INSTRUCTIONS FOR THE TASK -
When you write out the listing, keep each word exactly as it stands but include none of its images.

DATASET EXCERPT -
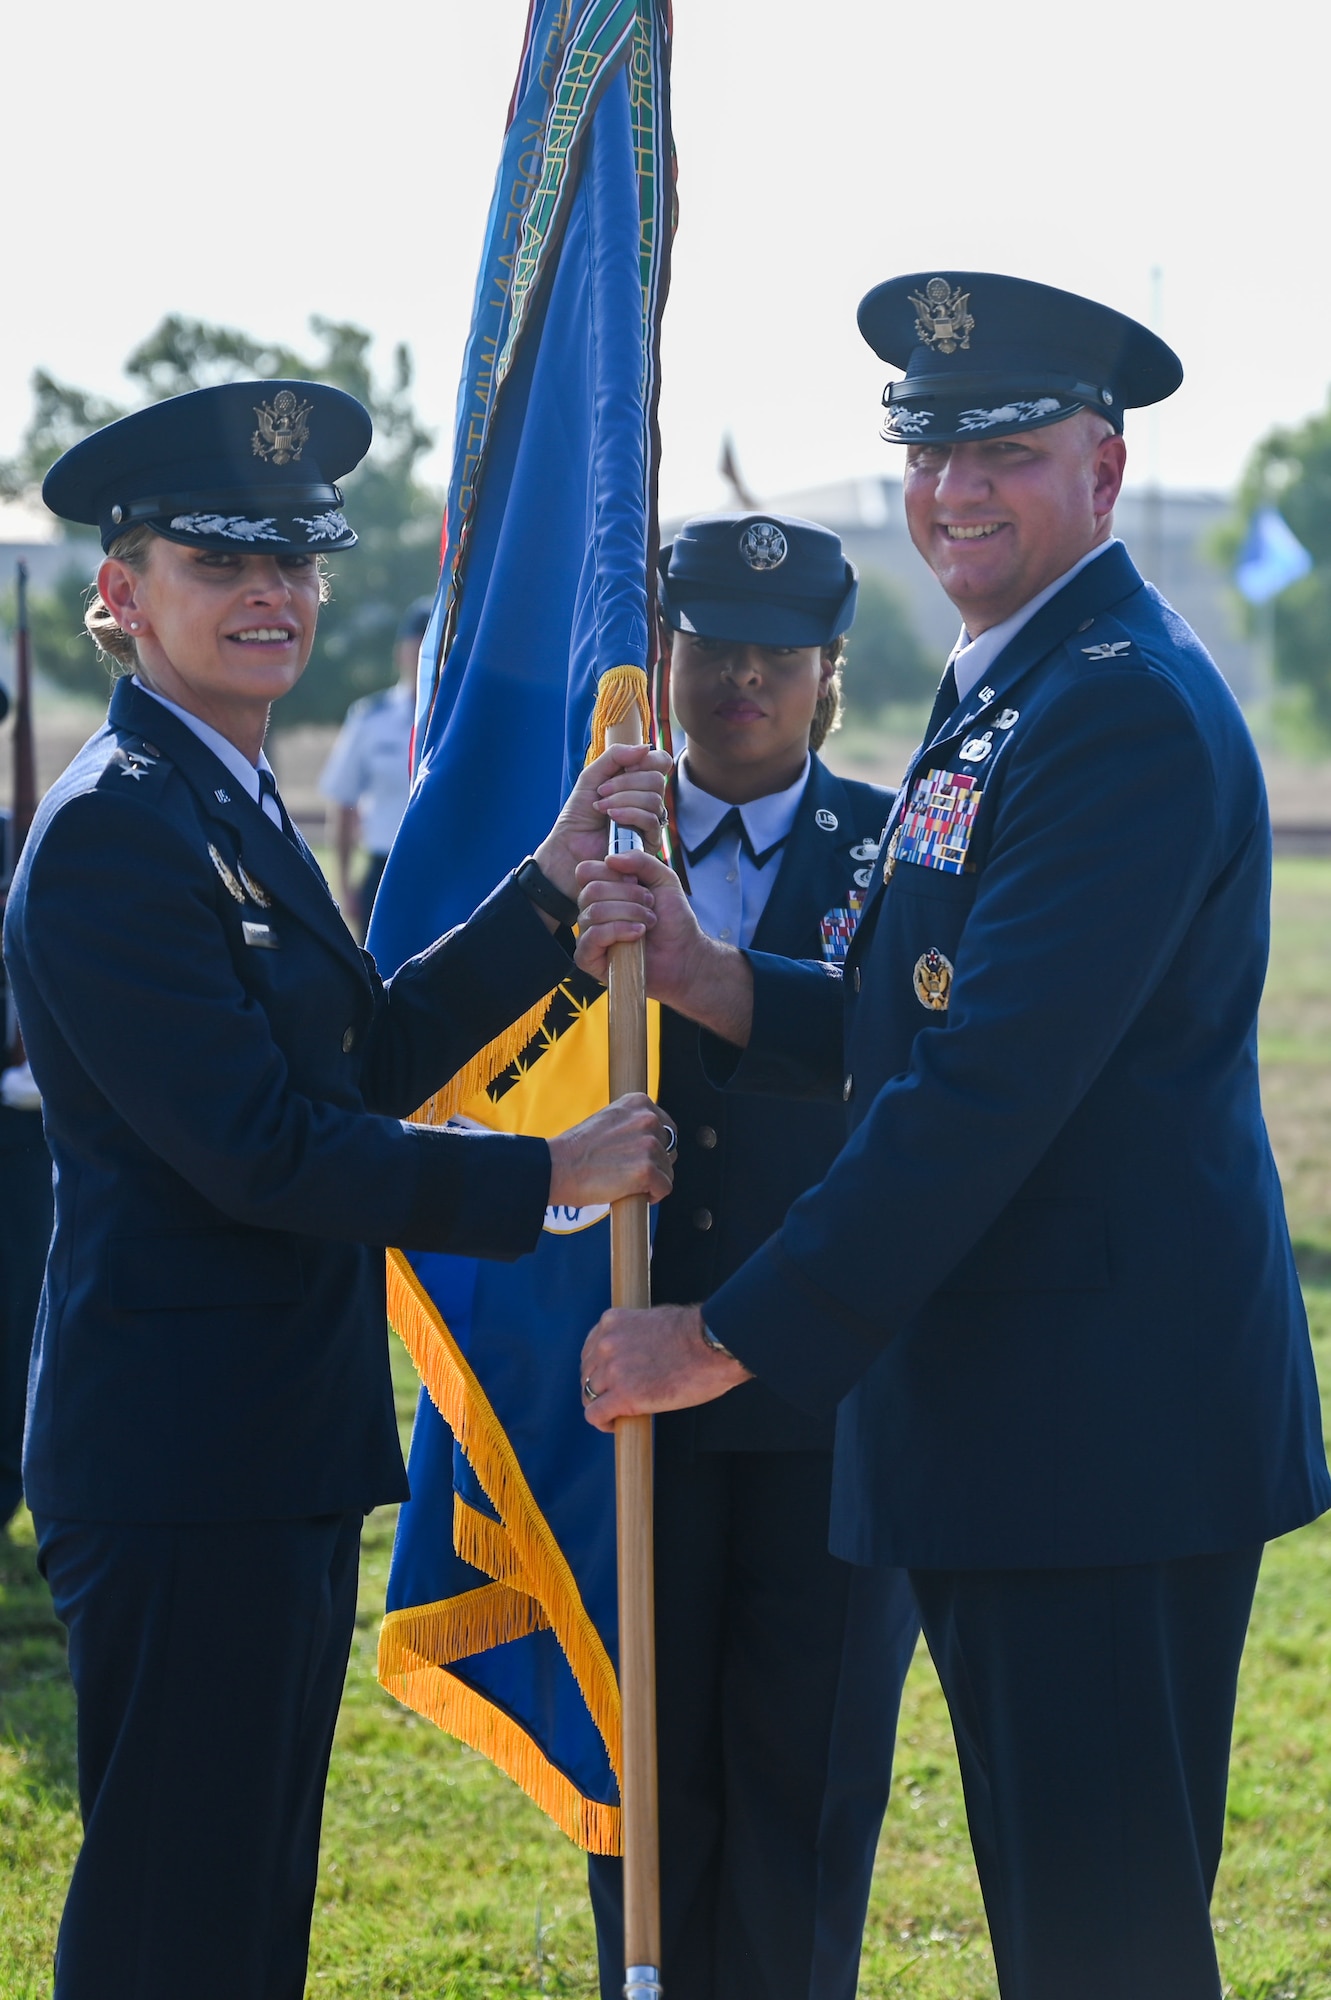 U.S. Air Force Col. Matthew Reilman, outgoing 17th Training Wing commander, passes the guidon to Maj. Gen. Michele Edmondson, 2nd Air Force commander, relinquishing command during the change of command ceremony at Goodfellow Air Force Base, Texas, June 16, 2023. Passing the guidon represents the transfer of leadership responsibilities to the next commander. (U.S. Air Force photo by Senior Airman Sarah Williams)
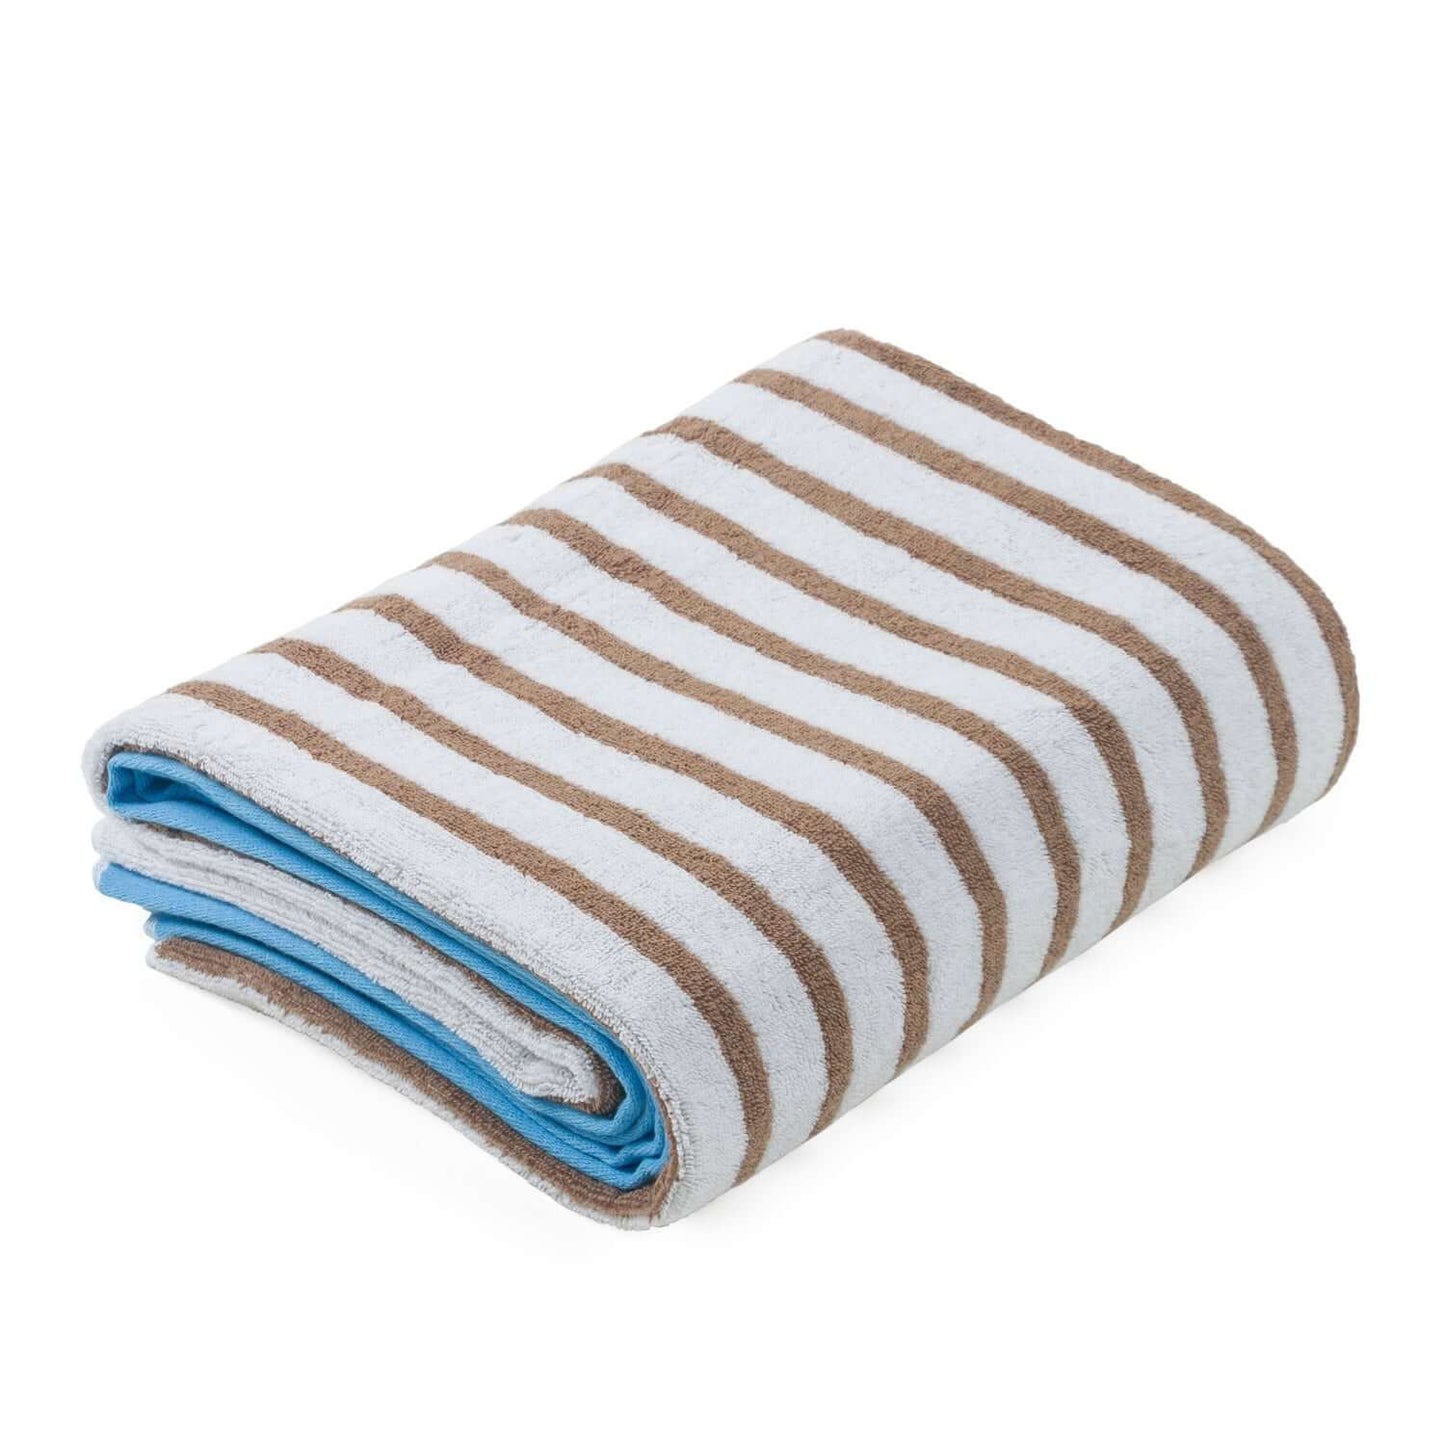 Linear Combed Cotton Towels
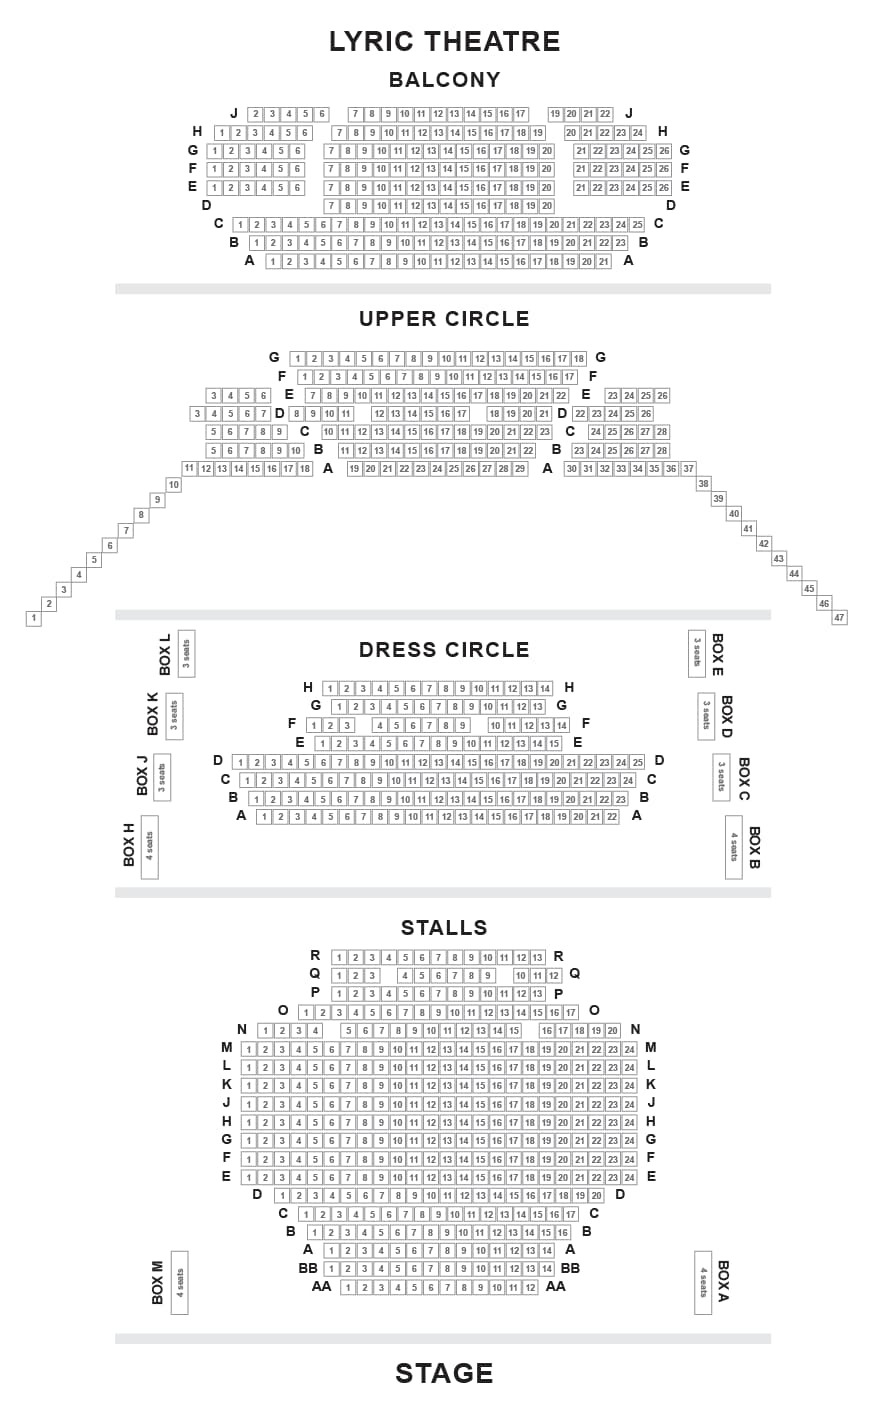 The Lyric Theatre Best Seats and Seating Plan
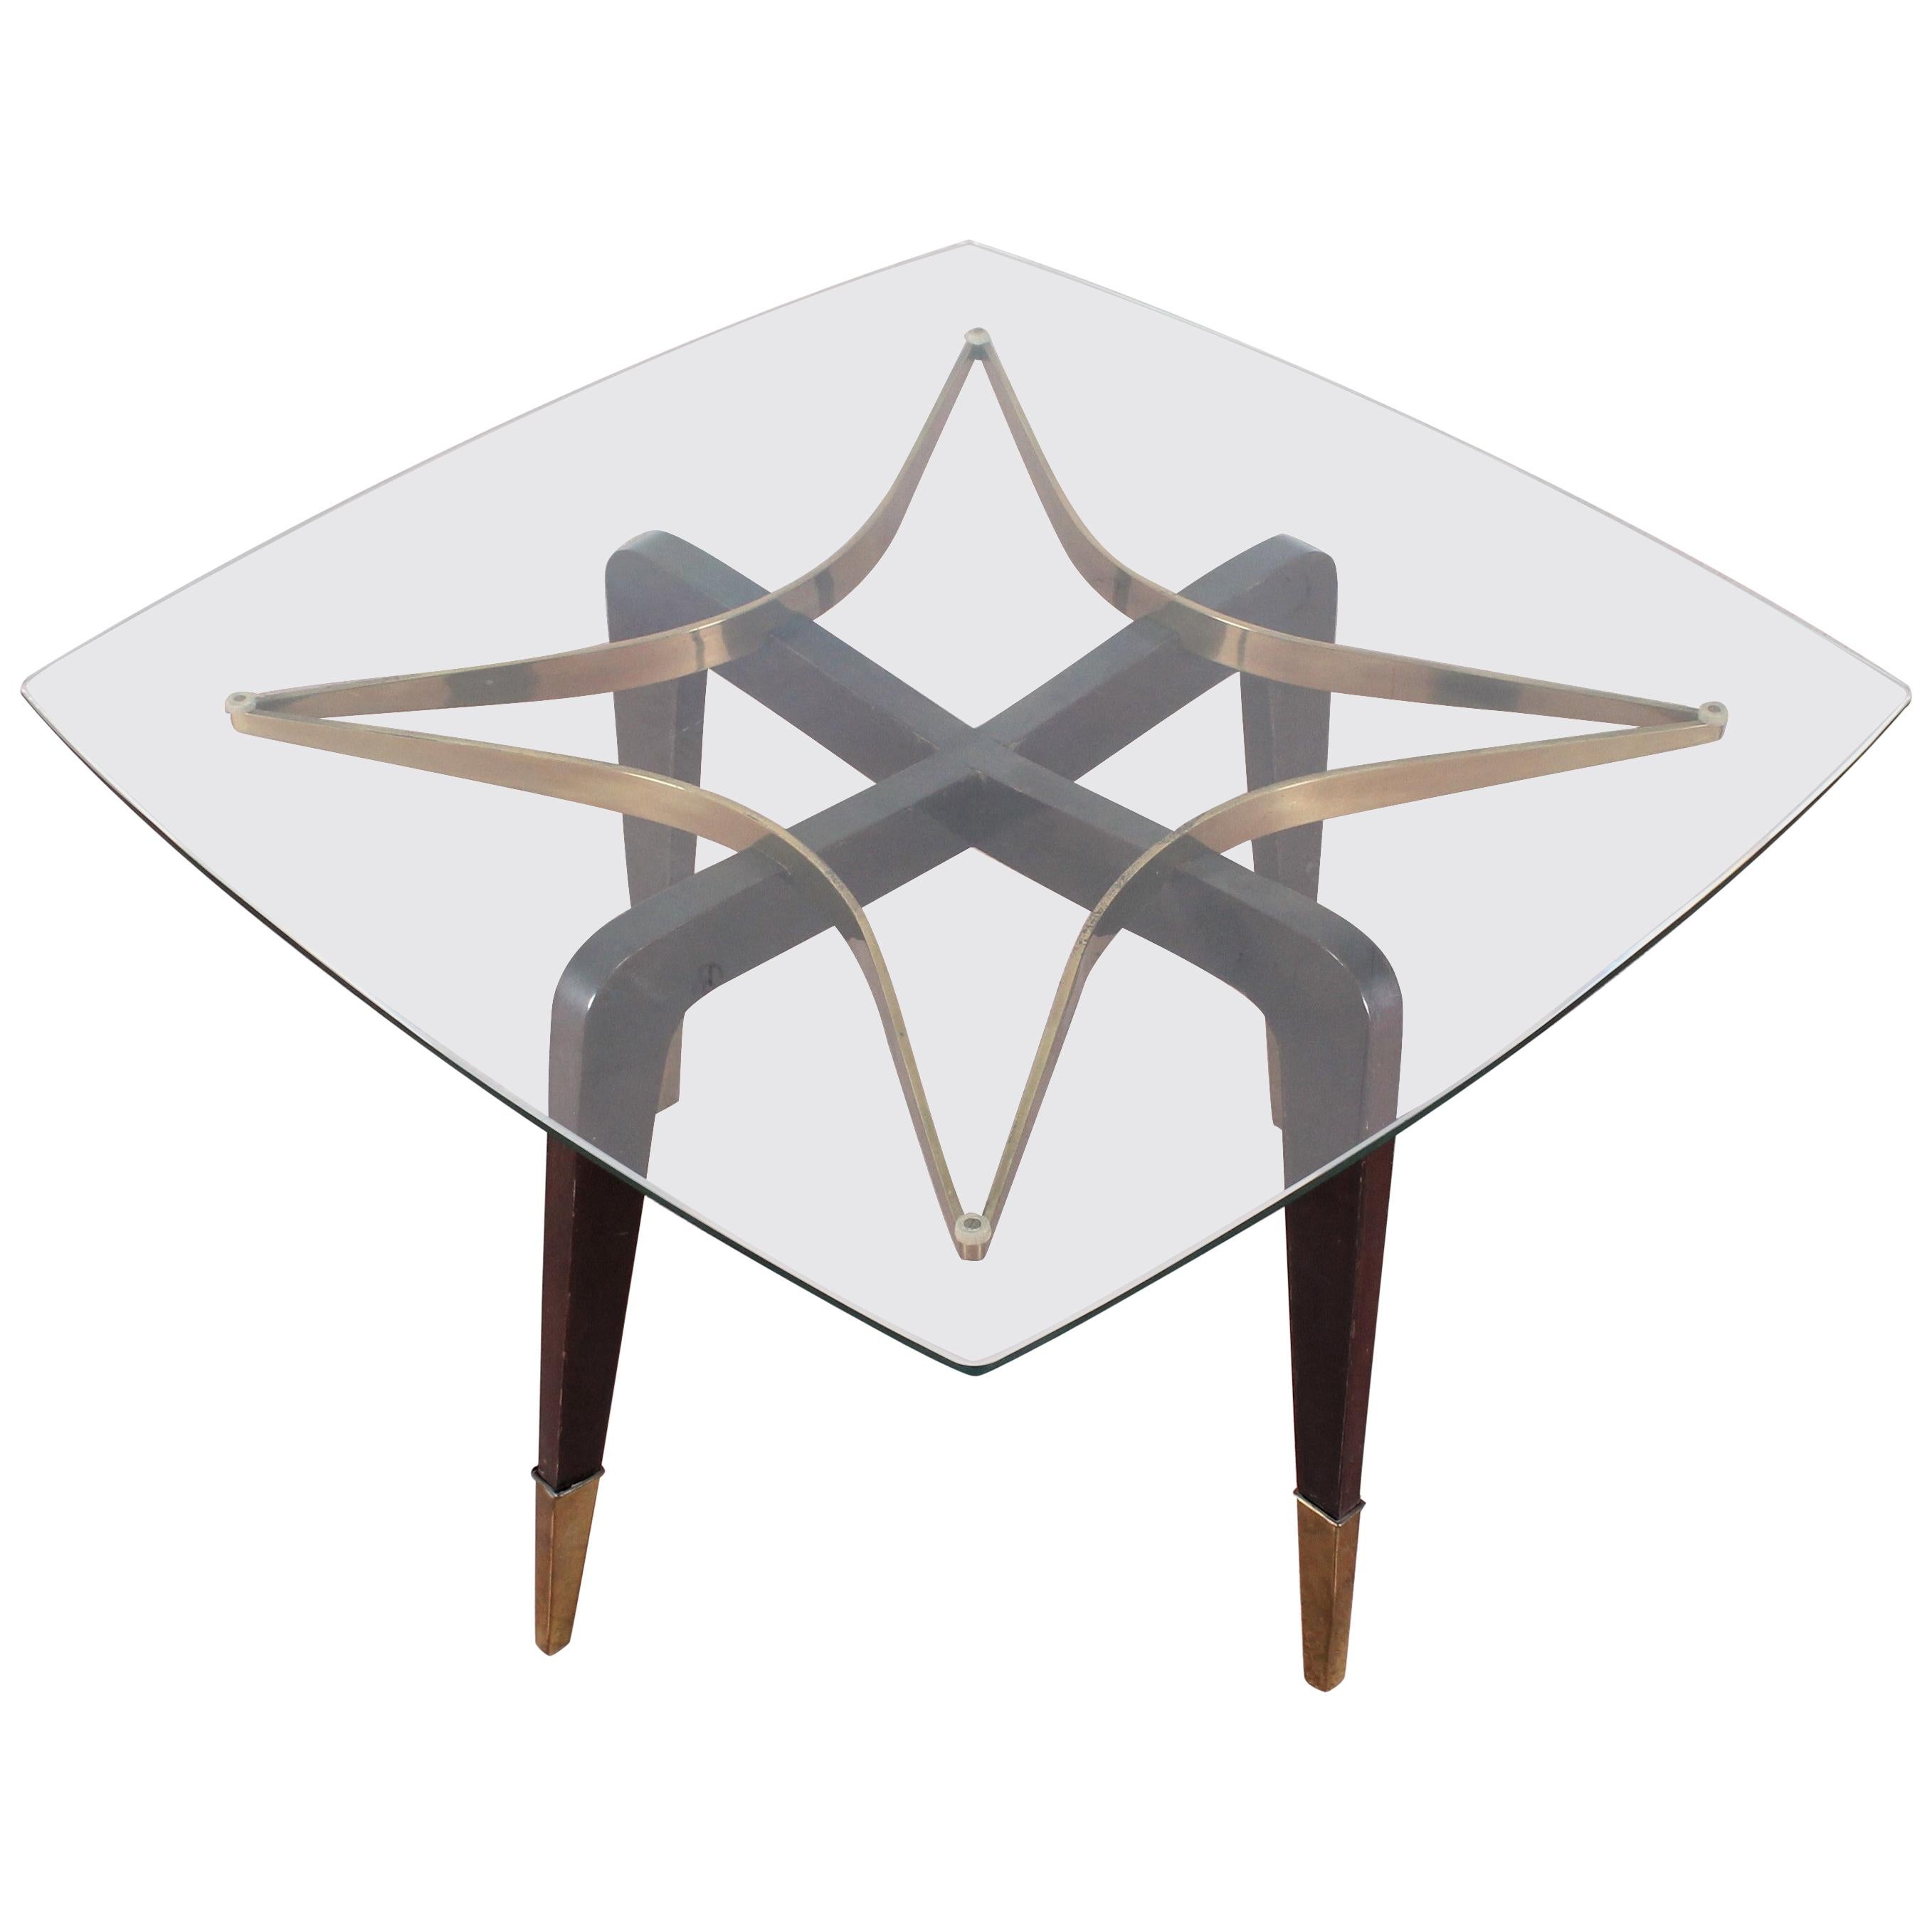 O. Borsani Midcentury Brass and Wood Square Coffee Table Glass Top, Italy, 1950s

ANSWER -
 U.S. Air Force Col. Matthew Reilman, outgoing 17th Training Wing commander, passes the guidon to Maj. Gen. Michele Edmondson, 2nd Air Force commander, relinquishing command during the change of command ceremony at Goodfellow Air Force Base, Texas, June 16, 2023. Passing the guidon represents the transfer of leadership responsibilities to the next commander. (U.S. Air Force photo by Senior Airman Sarah Williams)
 Linear Combed Cotton Towels
 The Lyric Theatre Best Seats and Seating Plan
 O. Borsani Midcentury Brass and Wood Square Coffee Table Glass Top, Italy, 1950s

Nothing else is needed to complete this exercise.